今後さらに人手不足の深刻化が予想される中、スポットワークサービスとアルバイト求人媒体を併用し、両者を組み合わせながらスタッフの充足につなげる「ハイブリッド型採用」がスタンダードになるかもしれません。

職種×時給でスポットワークとアルバイトを比較!

スポットワーク研究所「スポットワーク市場クォータリーレポート」、HRogチャートをもとにフロッグ作成

※タイミーのデータは スポットワーク研究所/スポットワーク市場・クォータリーレポート【2025年4Q(2025年8月-10月)】/2026年4月6日時点 に基づく。
※アルバイト求人の職種別平均時給は「HRogチャート」のデータから算出、「イーアイデム」「バイトル」「マイナビバイト」の2026年2月最終週の取得データから雇用形態「バイト」または「パート」の求人を集計。
※派遣給求人の職種別平均時給は「HRogチャート」のデータから算出、「はたらこねっと」「エン派遣」2026年2月最終週の取得データから雇用形態「派遣」の求人を集計。
※職種分類はスポットワーク研究所「スポットワーク市場クォータリーレポート」の分類と対応させている。

全職種平均で見ると、アルバイトの時給は1,289円、タイミーは1,182円と、アルバイトの方が107円高い結果となりました。時給を重視する求職者にとっては、アルバイトの方が依然として魅力的な選択肢といえます。

中でも、「営業・販売関連事務」(差額261円)や「社会福祉の専門的職業」(同260円)は差額が大きく、アルバイトの時給が全職種平均を大きく上回りました。

一方で、「接客・給仕」(差額63円)や「自動車運転」(差額72円)、「清掃」(差額90円)といった職種では時給差が100円未満にとどまっています。これらの職種は業務が定型化されており、短時間・単発でも切り出しやすいことから、スポットワークへの置き換えが進みやすい領域と考えられます。

また、美容・エステなどの「生活衛生サービス」(差額-143円)は唯一タイミーの方が高時給でした。この領域では「繁忙期のときにスポットワークで即戦力を集める」「アルバイトは補助業務中心・育成前提で未経験者を集める」など、他の職種とは異なる棲み分けが行われている可能性があります。
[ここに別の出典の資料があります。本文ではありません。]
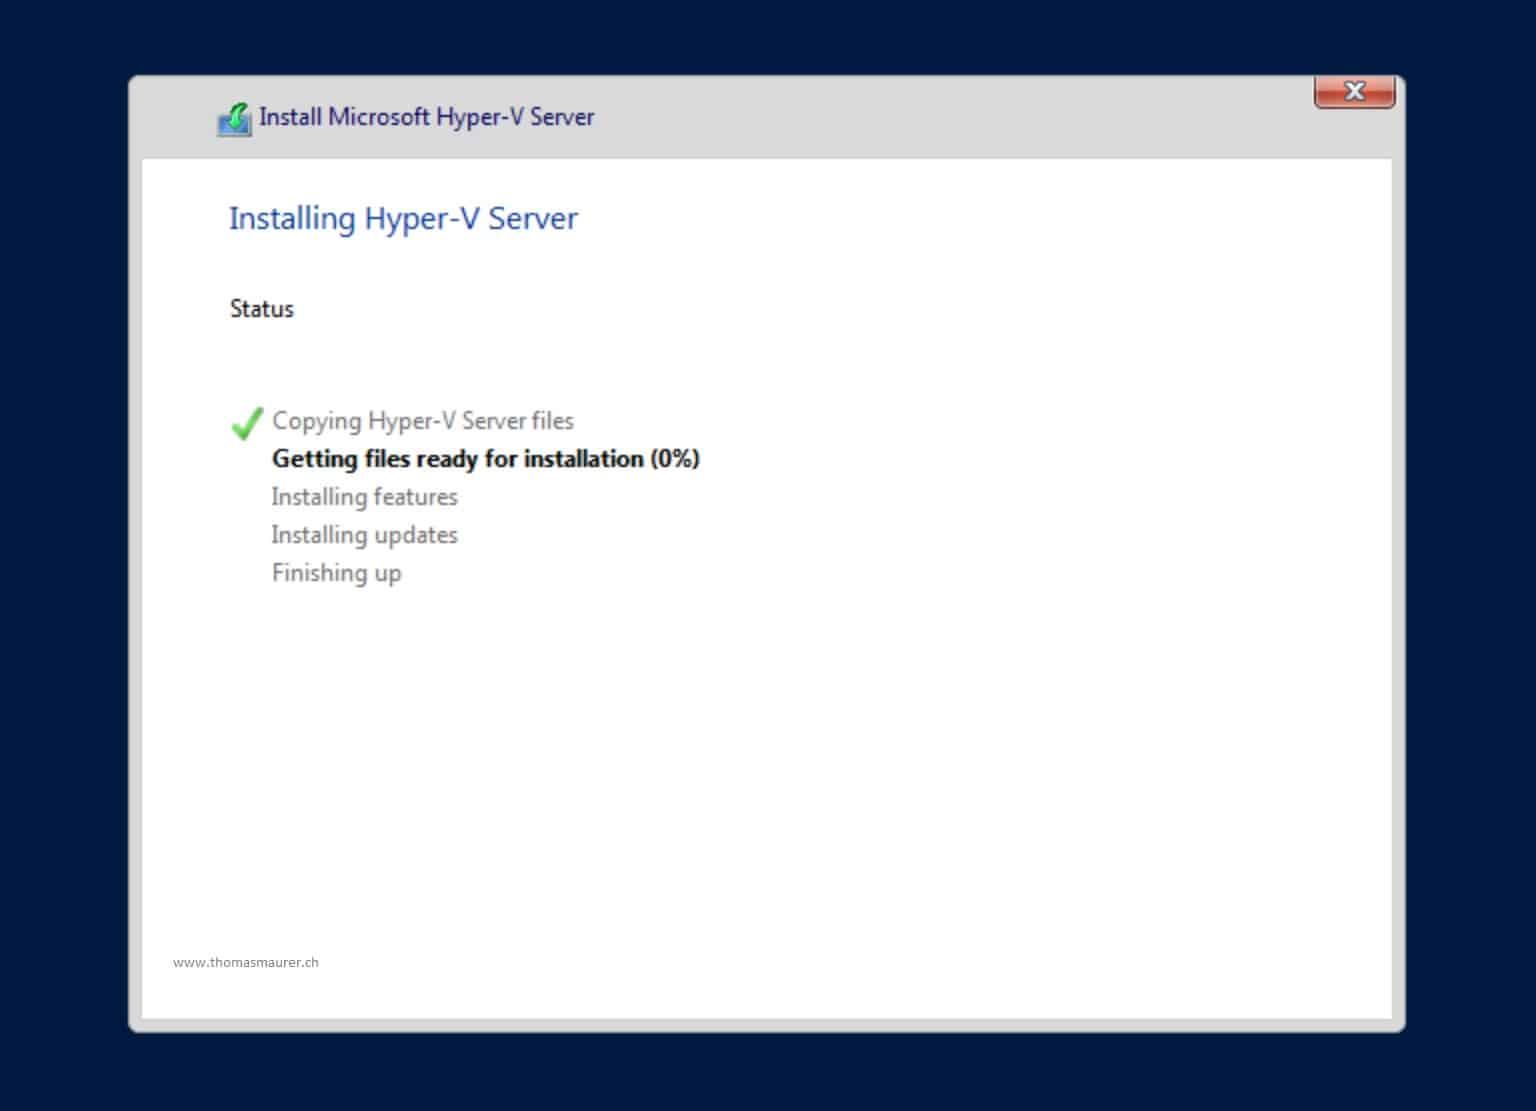 How to Install Hyper-V Server 2019 - Thomas Maurer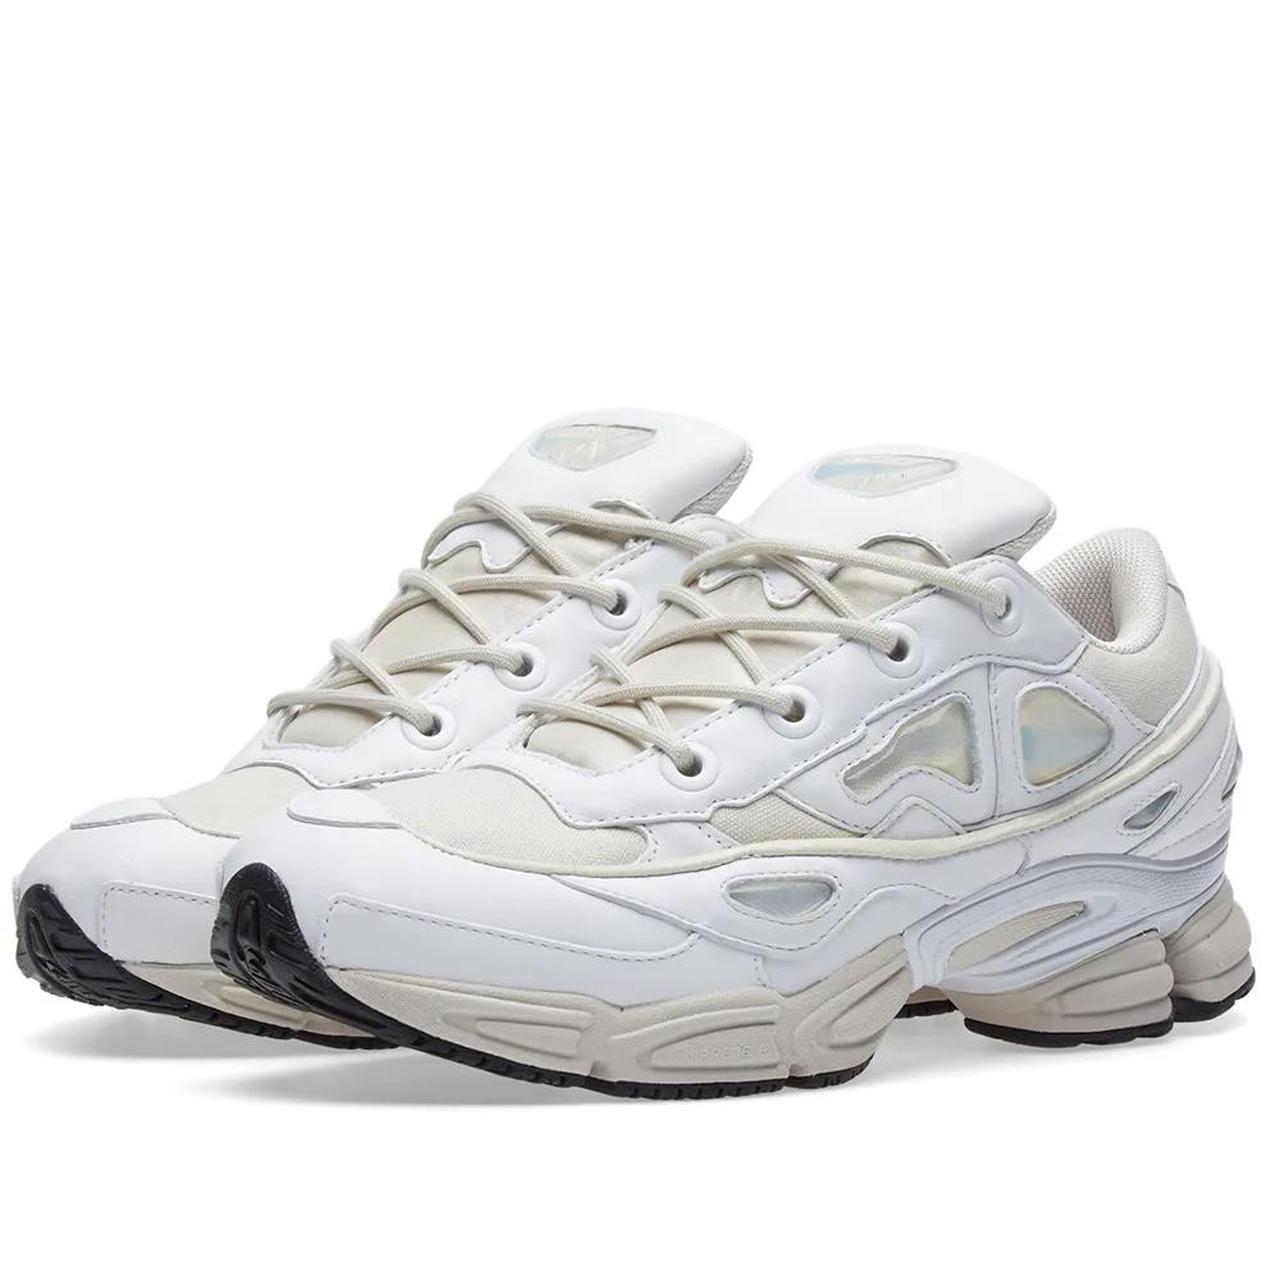 Product Image 1 - Adidas x RAF SIMONS Ozweego

このように、繁忙期・閑散期で需要が大きく変わる専門職種でも、今後スポットワークの需要が拡大していくかもしれません。

まとめ

調査の結果、「アルバイト求人がスポットワークに置き換わる」というよりも、両者が共存しながら市場全体を拡大させている実態が見えてきました。今後はアルバイト求人とスポットワークは単純な競合関係ではなく、「お試し就業としてスポットワークを活用し、長期的な人員確保につなげる」といった形で共存していく道も考えられます。

一方で、求職者不足がより深刻な地方では、成果課金型のスポットワークへの活用が進んでおり、その存在感はさらに高まっていくでしょう。

アルバイト求人業界に携わる方々にとっては、スポットワークを脅威として捉えるのではなく、クライアントの採用成功を実現するための「掛け合わせ」のツールとして捉え、組み込んでいくことが重要になりそうです。